= TO DO =
Find the line with "Fall 1989: The" in the entries below, then output every line from it down to the line with "Windows PureVPN Hong", exactly and with no pictures.

= STUDY MATERIAL =
*** Block opens ***
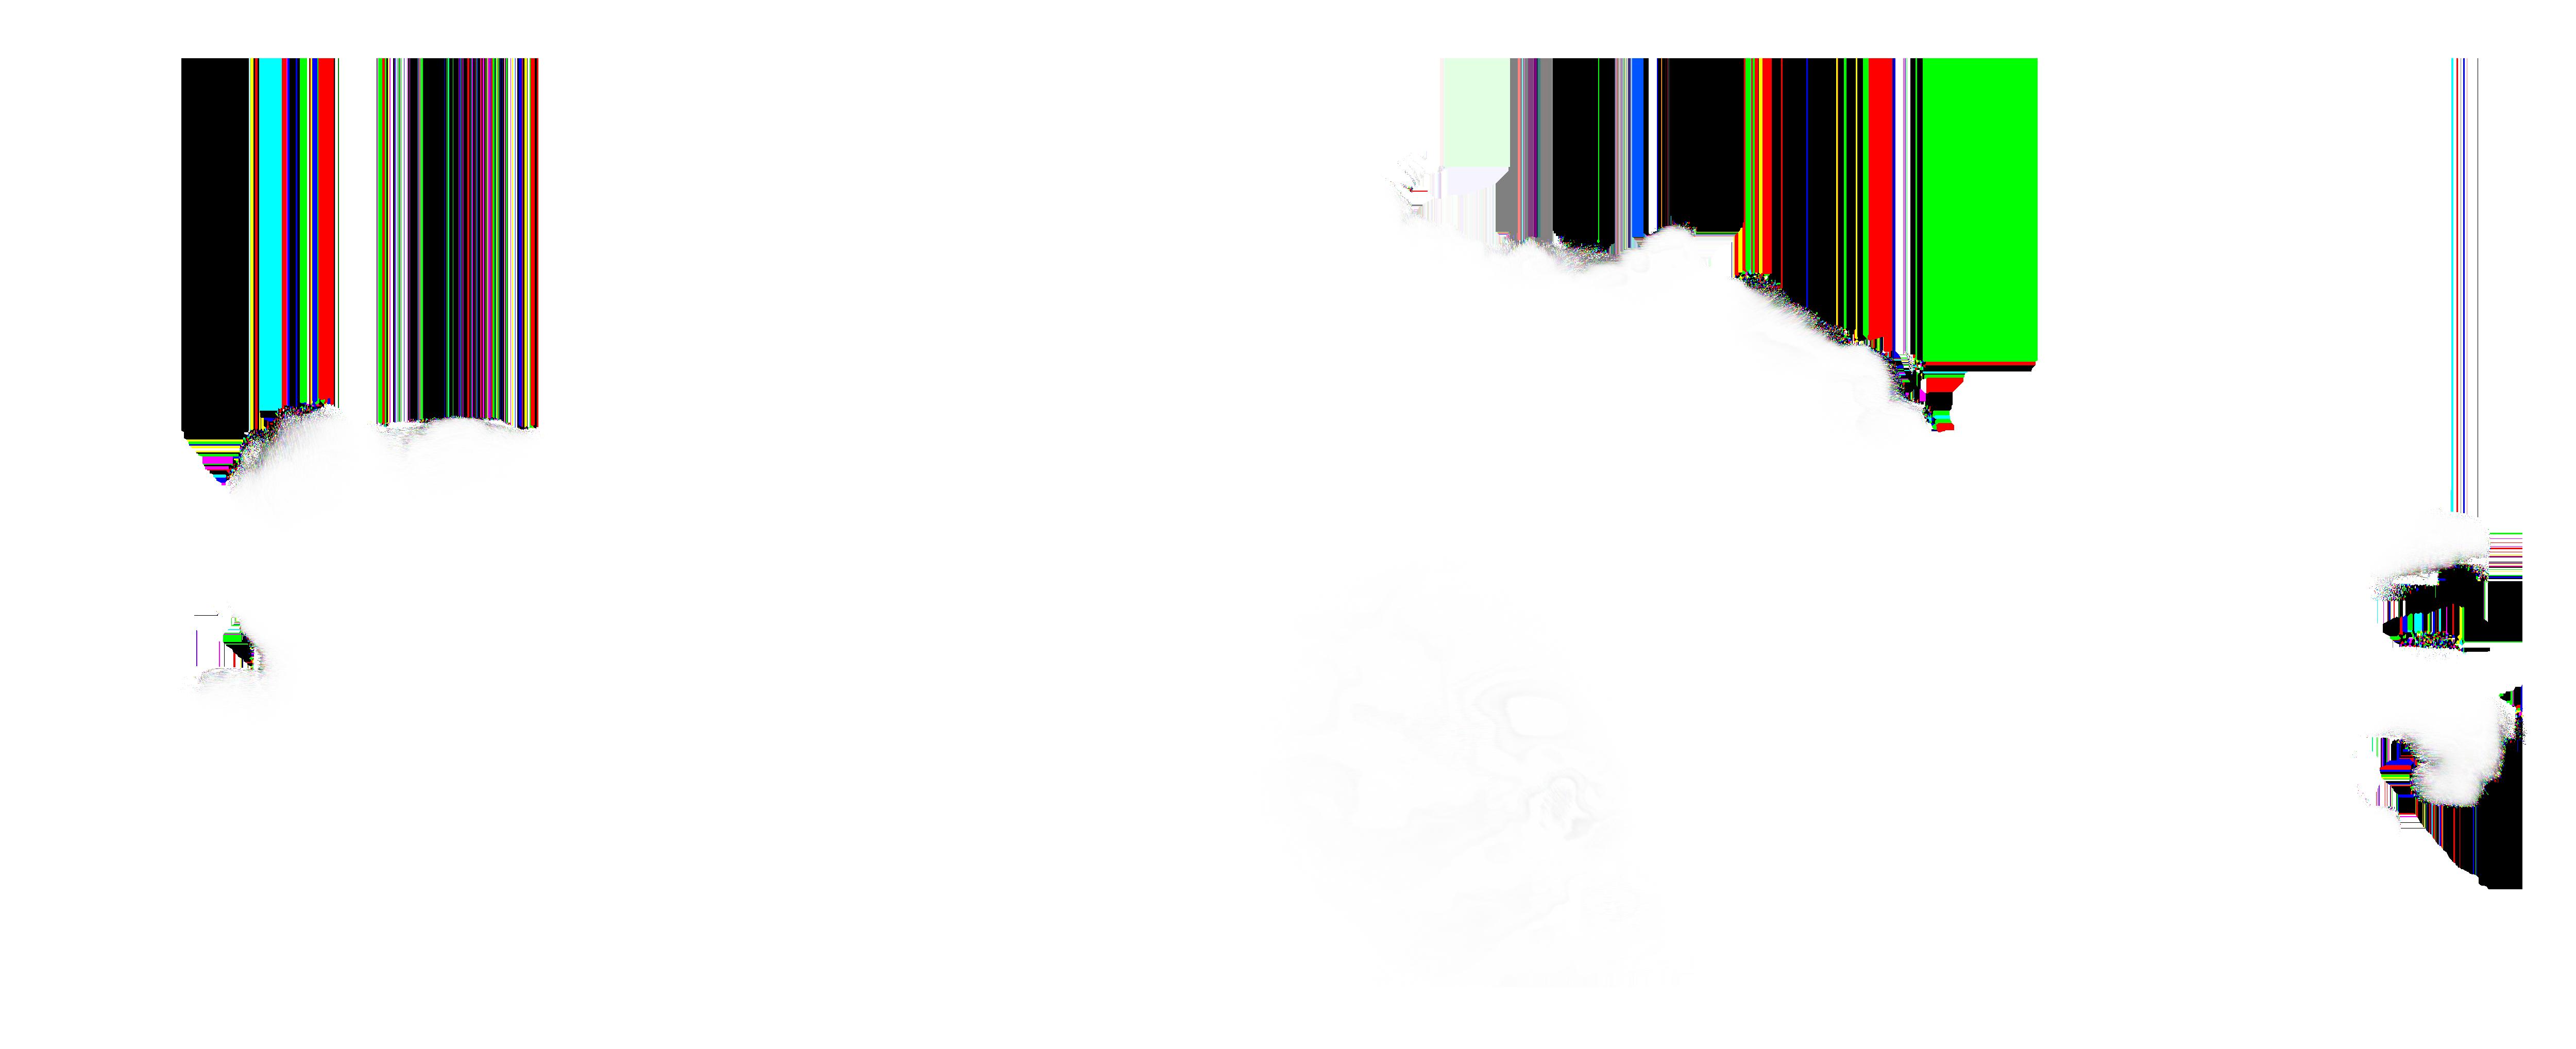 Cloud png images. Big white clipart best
*** Block closes ***
*** Block opens ***
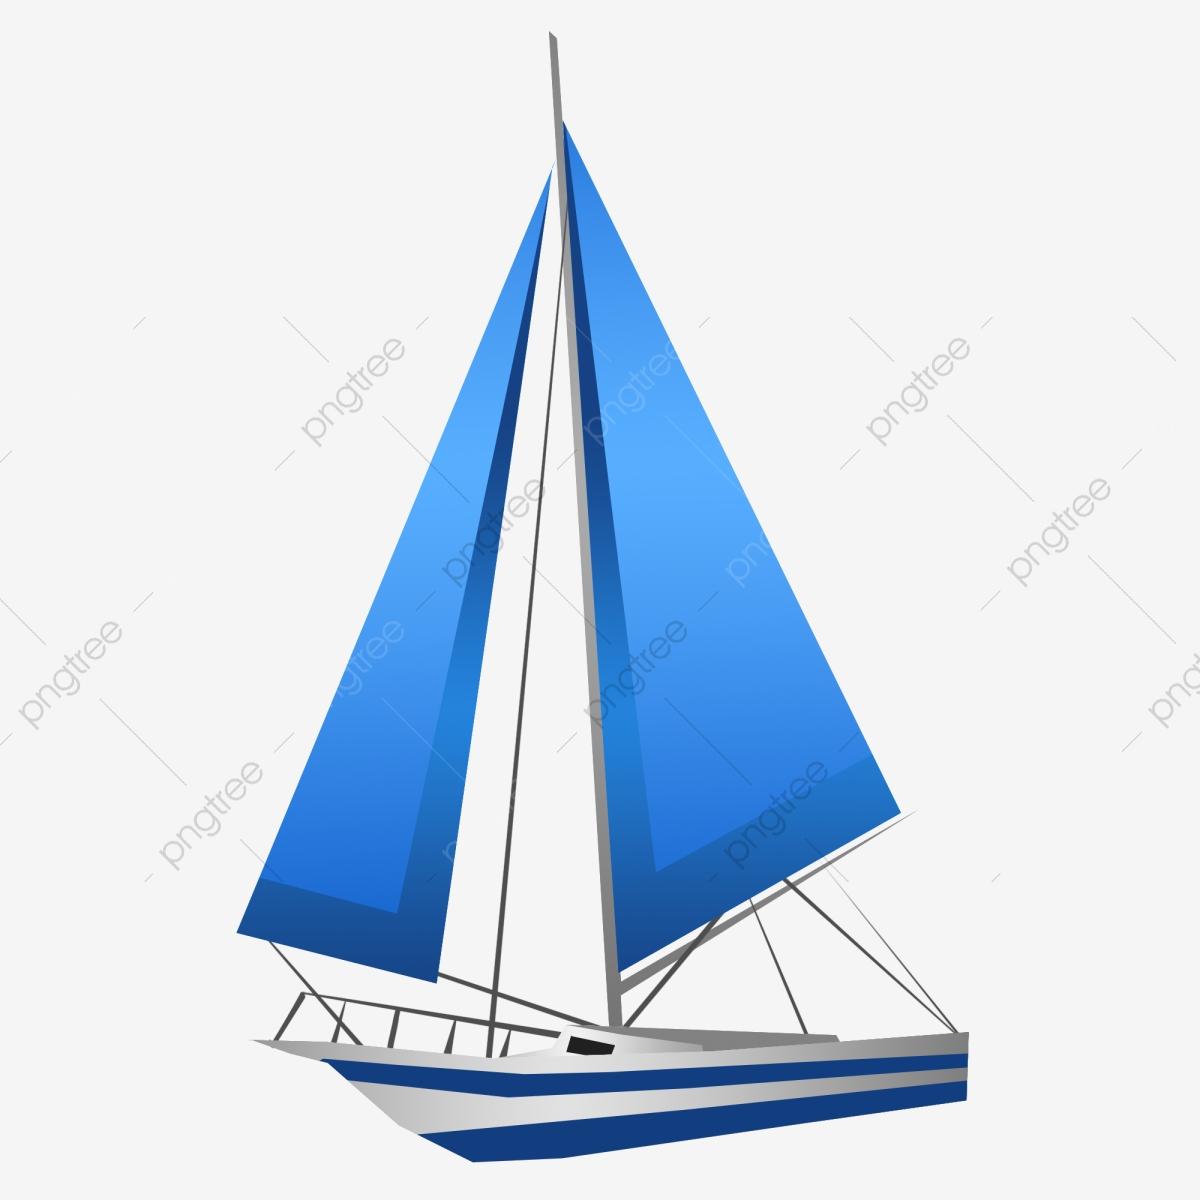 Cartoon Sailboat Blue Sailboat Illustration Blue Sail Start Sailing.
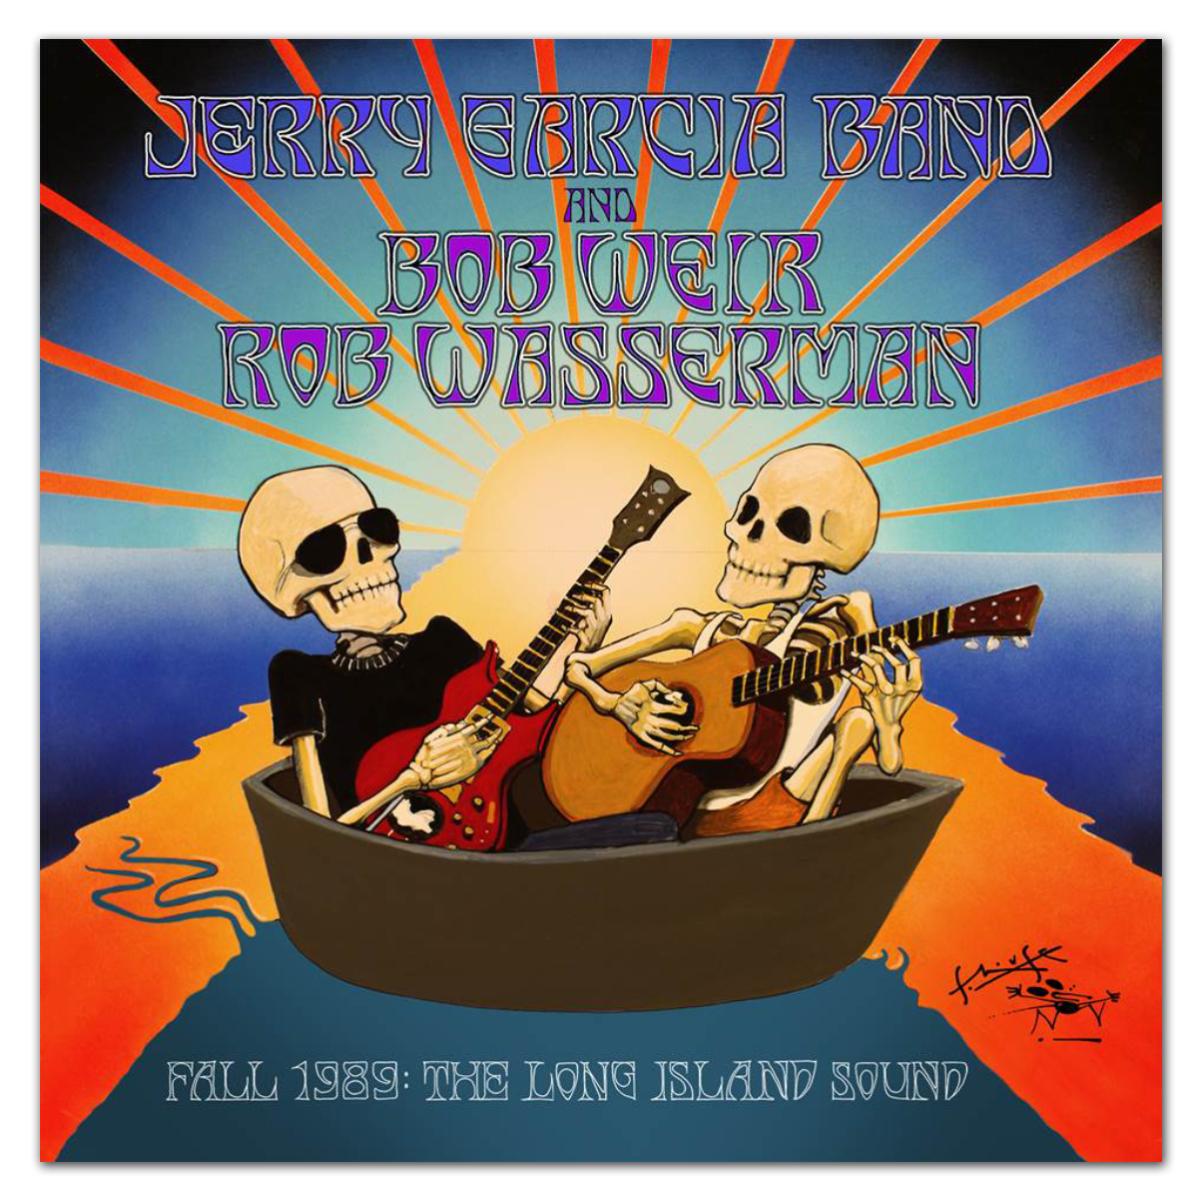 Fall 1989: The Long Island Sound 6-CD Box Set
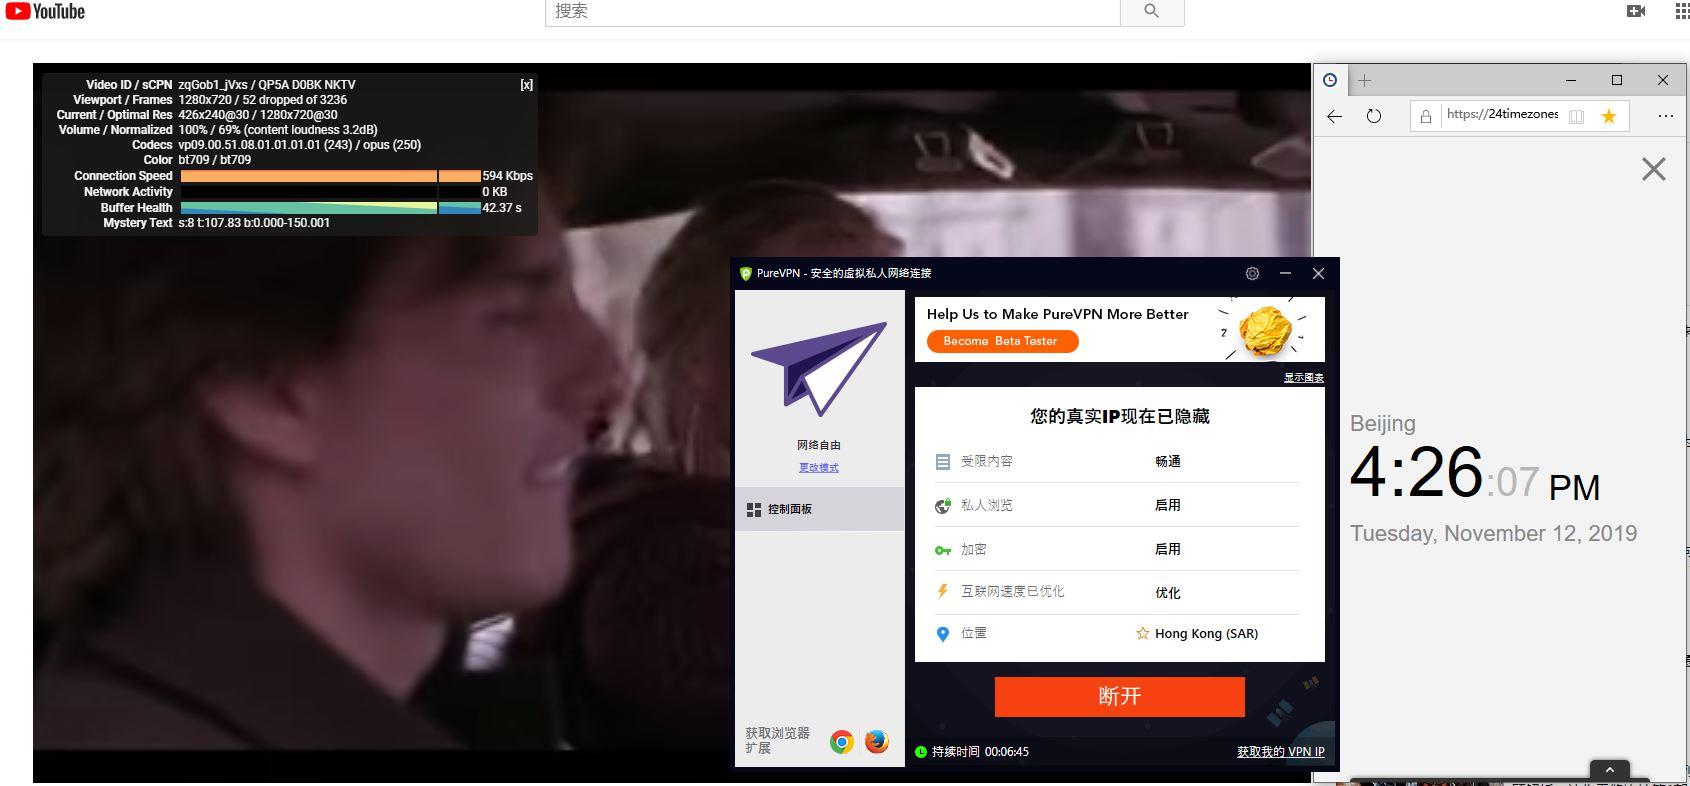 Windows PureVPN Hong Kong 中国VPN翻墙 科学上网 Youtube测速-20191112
*** Block closes ***
= ANSWER TO THIS TASK =
 Fall 1989: The Long Island Sound 6-CD Box Set
 Windows PureVPN Hong Kong 中国VPN翻墙 科学上网 Youtube测速-20191112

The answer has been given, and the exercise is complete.